Vor genau 20 Jahren hat das Schweizer Volk den Beitritt zum Europäischen Wirtschaftsraum (EWR) abgelehnt. Heute sehen Franz Blankart und Andi Gross für die Schweiz nur noch eine Lösung. Und die wird nicht allen gefallen.
Die beiden Männer haben eine Geschichte miteinander. Vor zwanzig Jahren, als die Schweiz nach dem Ende des Kalten Krieges auf der Suche nach sich selber war, handelte Franz Blankart, Staatssekretär, Oberst in der Armee, in Brüssel den EWR-Vertrag aus. Andi Gross, SP-Nationalrat, Armeeabschaffer, war damals gegen den EWR und ist es immer noch. Heftig seien die Diskussionen zwischen den beiden gewesen, sagen sie heute. Heftig, aber brüderlich. Als Andi Gross einen Lehrauftrag in Speyer hatte, durfte er sich regelmässig den Daimler von Blankart ausleihen.
Zwanzig Jahre später treffen sich die beiden Männer wieder zum Gespräch. Die Situation ist gar nicht so anders. Seit dem Nein zum EWR 1992 müht sich die Schweiz auf dem bilateralen Weg ab; ein Weg, der bald zu Ende sein dürfte. Diesen Dezember wird die Antwort der EU auf die Schweizer Vorschläge für eine vertiefte Zusammenarbeit erwartet. Erste Signale deuten darauf hin, dass die EU nicht mehr länger bereit ist, einen Schweizer Sonderweg zu akzeptieren. Was also tun? Der Realität ins Auge sehen, sagt der ehemalige Staatssekretär Blankart (76). «Die Utopie leben!», entgegnet Gross (60).
Die EU droht auseinanderzubrechen.
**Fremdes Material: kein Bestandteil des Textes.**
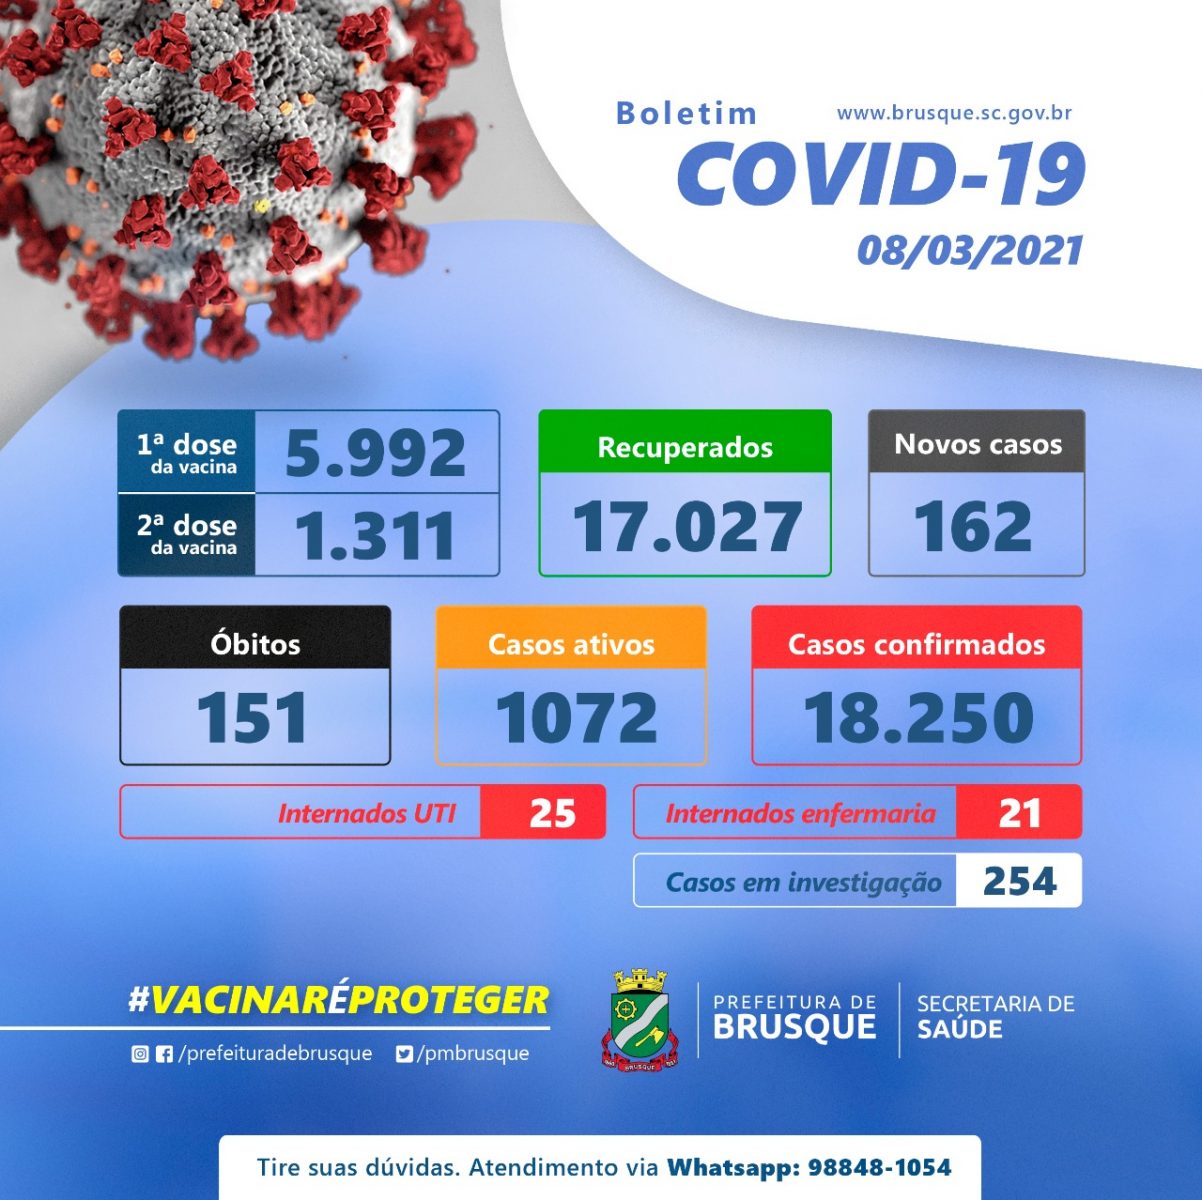 Boletim Covid-19: Nas últimas 24 horas foram registrados 162 novos casos da doença

Trotzdem sind Sie sich beide darin einig, dass man sich enger an die Union binden soll. Ist das nicht eine etwas verwegene Position?
Franz Blankart: Ich möchte infrage stellen, dass die EU tatsächlich auseinanderbricht. Ich spreche ja vor allem vom EWR, und gerade diese Institution wird sicher bleiben.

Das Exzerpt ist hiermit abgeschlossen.